Sundeep Nagpal, Founder & Director, Stratagem Media said, “The truth is that, there is actually no space left in the viewer’s mind and also in his day. People are more than habituated with the older and the already established channels, so new channels in order to carve a space in this overcrowded market, need to create some real good quality programming, which is missing to some extent today. But on the other hand, when it makes no sense for a viewer to see so many new channel launches, it surely does from the business point of view.”

Sudha Natrajan Sudha Natrajan

Sharing views on the current Hindi GEC market, Raghav Subramanian and Sudha Natrajan, founders of TMC - The Media Consultants said, “GEC as a genre garners roughly 1/3rd of India’s TV viewership, however manages to eke out only 18% of share of spends; so from a advertising revenue standpoint there is scope for 1 or 2 more GEC channels from the stable of established networks to act as flanking brands by either splitting viewership within the genre or expand the GEC audience base.”

Raghav Subramaniam Raghav Subramaniam

According to them, very little is known about & TV’s content strategy right now but on the basis of  market information, the presentation and channel tone and identity is likely to be similar to &pictures which has a youthful appeal and focuses on newer movies relevant to younger audiences. Youth as an audience base is Zee TV’s strength in fact it has the highest skew to the 15-24 age groups among all GEC channels. Zee has also been traditionally strong in towns with lower pop strata, Maharashtra, SEC CDE audiences and LC1 towns. With this channel the network may try to target youth SEC AB in Mumbai, Delhi and other large towns where they have been comparatively weak from a historic perspective.

“If the youth centric strategy succeeds especially in Zee’s weaker geographies such as Mumbai and Delhi and among the youth in other large towns, the channel can aim at reaching 0.2-0.5% channel share at the end of 2015; considering that the network is planning to invest Rs. 1,000 crore on this channel in the next 2-3 years, this is achievable putting it ahead of Sony Pal and Zee Network’s Zindagi,” they added.

Nagpal pointed out that whether a channel will work or not, will take time to decide, because it is not easy to create differentiated content and get noticed amidst plenty in the market. To the question on how well these new channels fare in the non metro markets, he commented, “Other than the problem of distribution and carriage fee, these new channels appeal more in smaller towns, because in the metros there is enough of digital happening and it is already a very crowded market.”
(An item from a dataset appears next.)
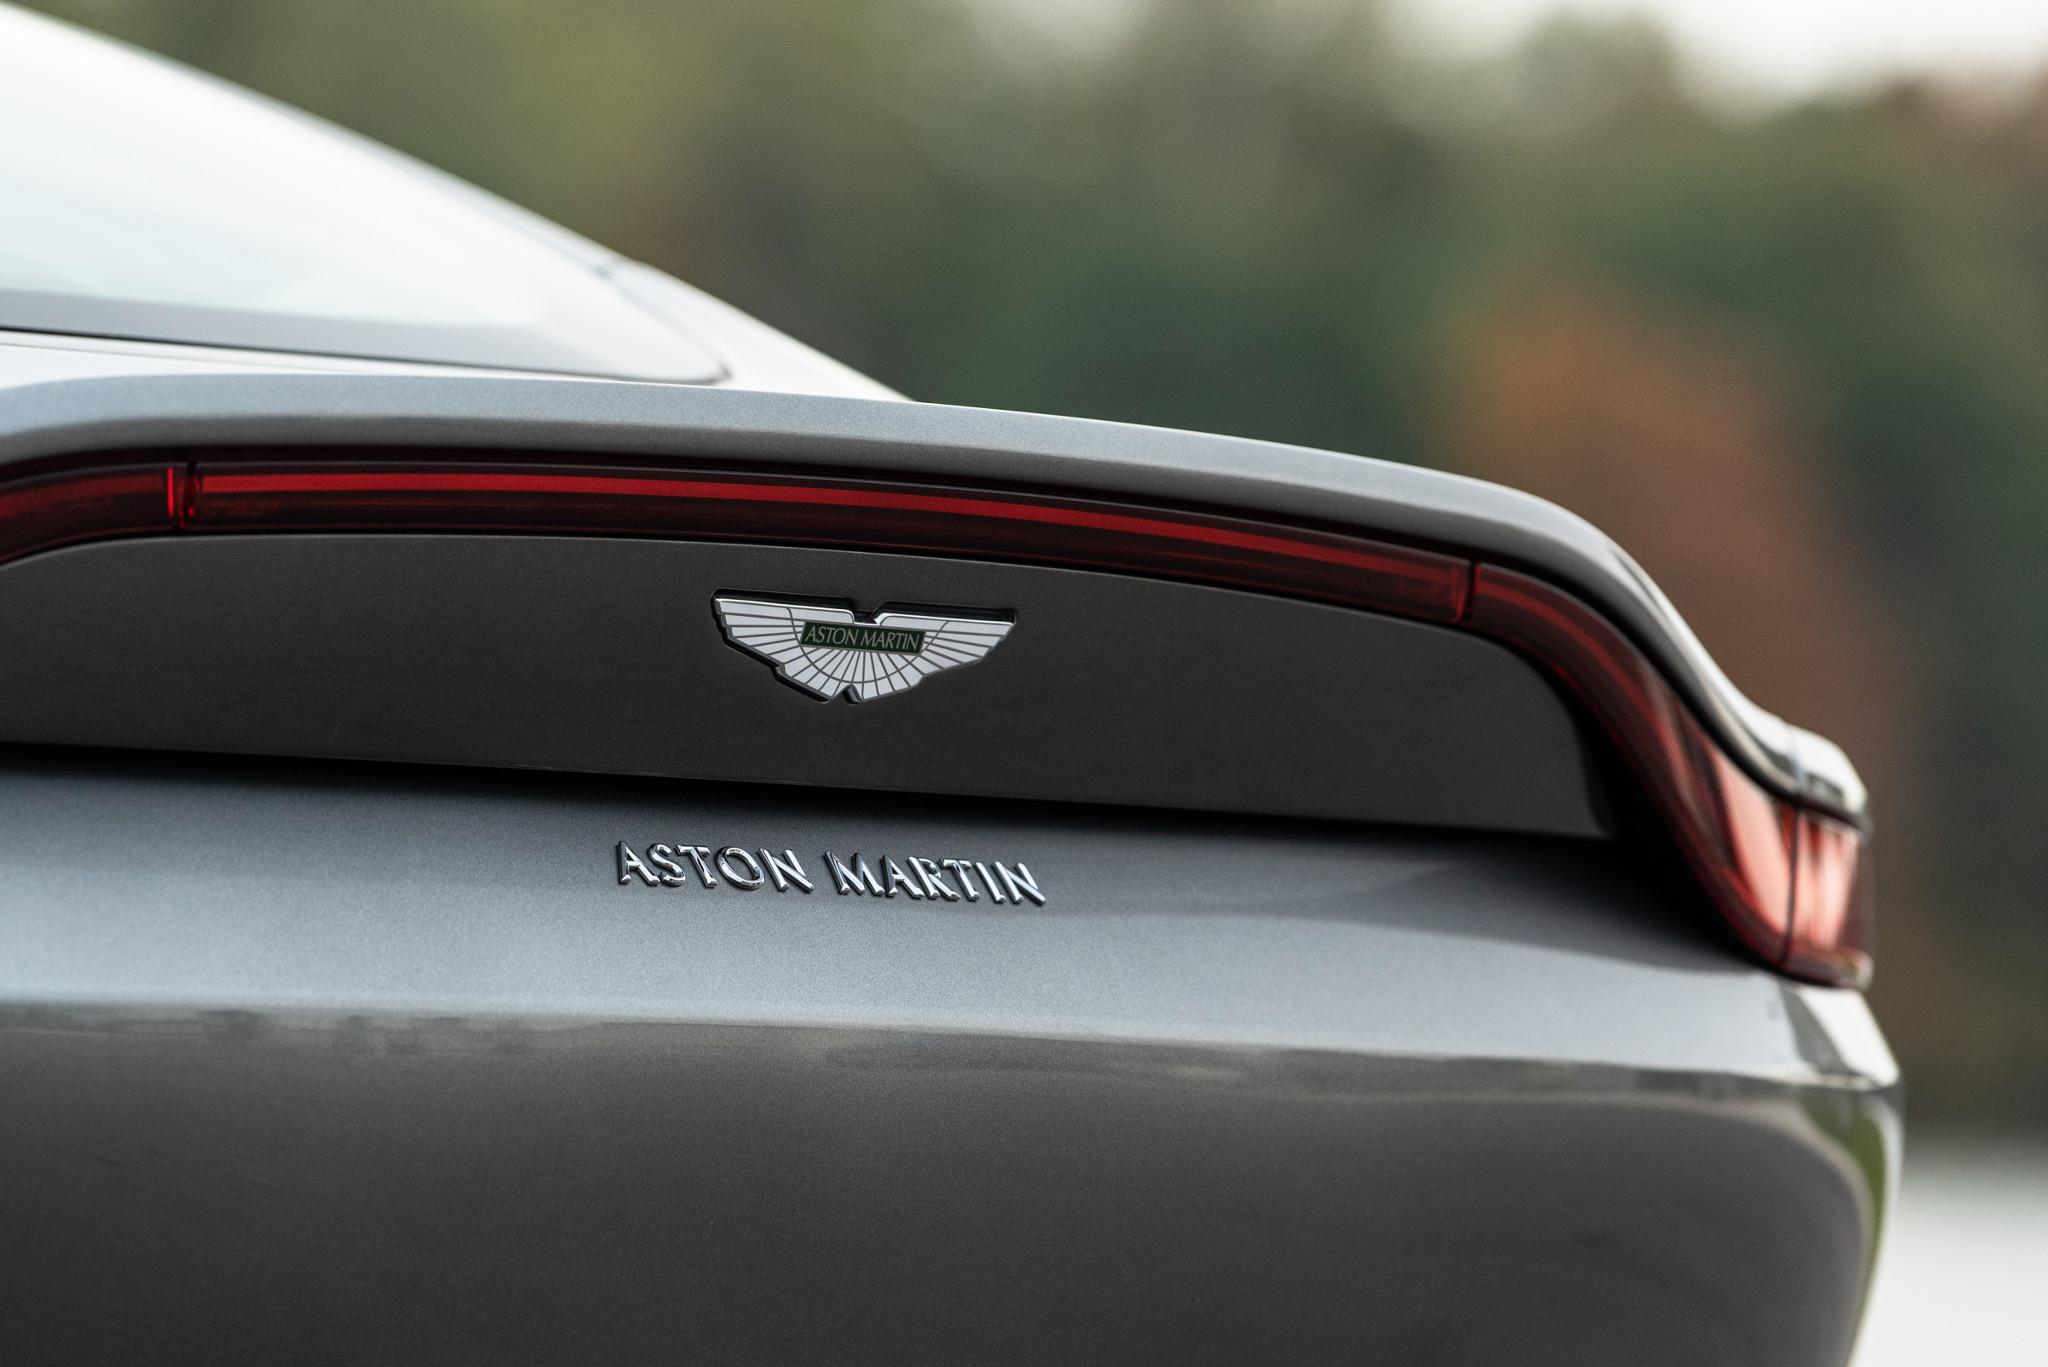 14-aston-martin-vantage-2018-badge--exterior--rear--silver.jpg

Commenting on expectations from &TV, Subramanian and Natrajan explained, “The viewership in the GEC space is fragmented across key TG clusters. The new launches have not really taken off from a rating stand point; however the conversation and buzz value in social media around Zindagi and its differentiated programming is good. The key point is that viewers are not averse to trying new content which is evident in the initial performance in terms of rating for both Pal and Zindagi which augers well for & TV and other future launches in this genre.”
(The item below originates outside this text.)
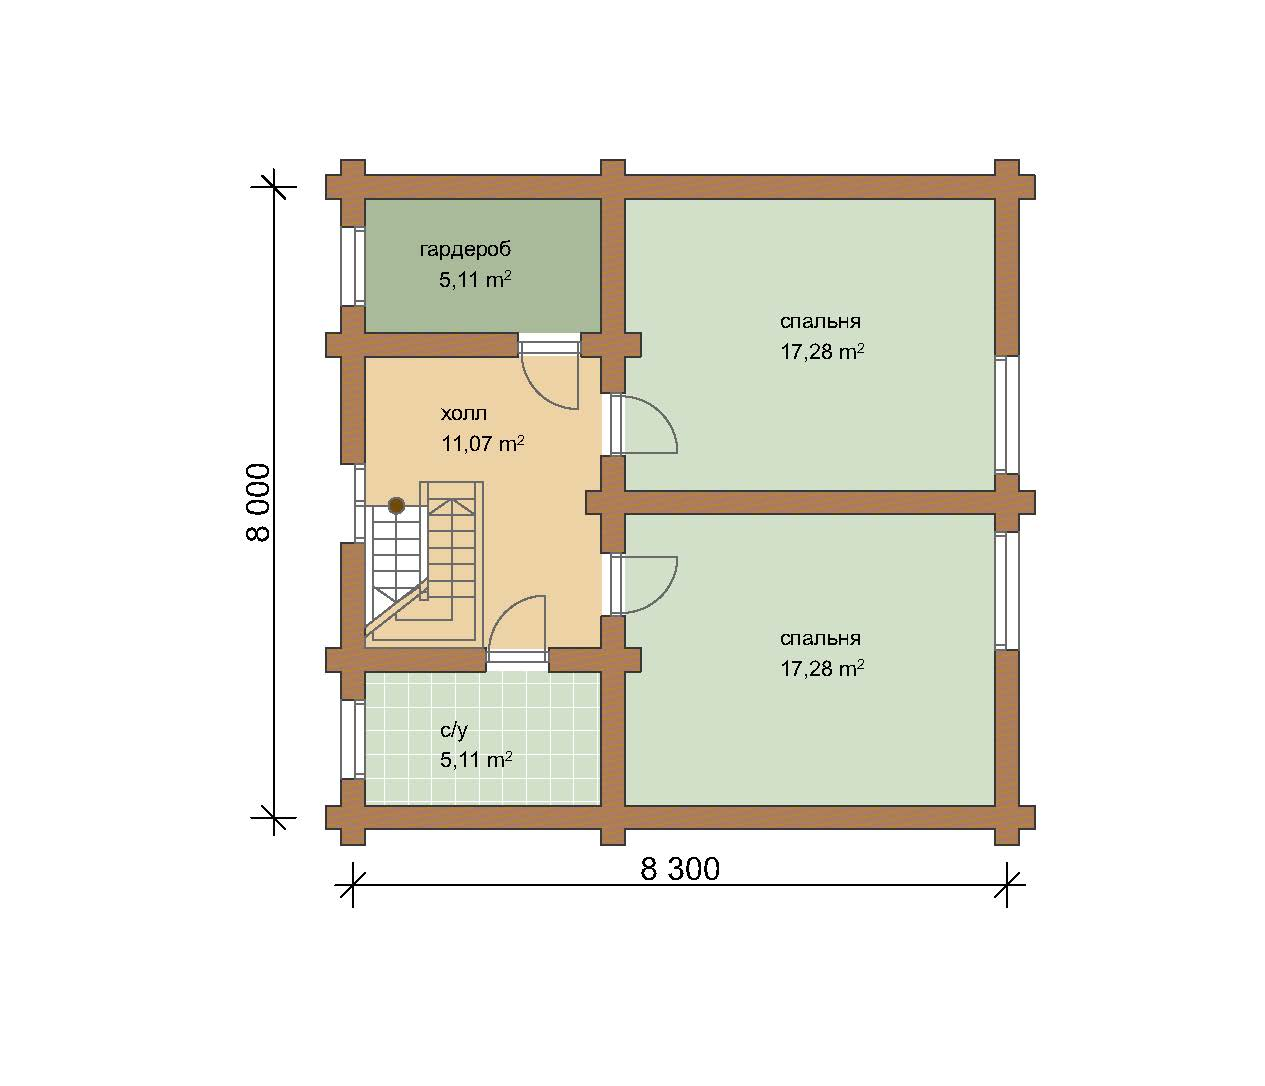 Дом 155.95 м2 10.5х15.3 по проекту АЗАТСКИЙ план

Citing some of the problems which &TV can face, they commented “The recent reports about the I & B ministry wanting to scrap the ad cap will not augur well for fresh launches as fight for advertising revenue will intensify and margins will be under pressure with potential increase in content acquisition costs. BARC coming in the 2nd half of the year may alter several paradigms in the TV Industry. The current mood in the Industry is that of cautious optimism. 0.05-0.09% channel share at the end of the initial 13 weeks should be a fair benchmark.”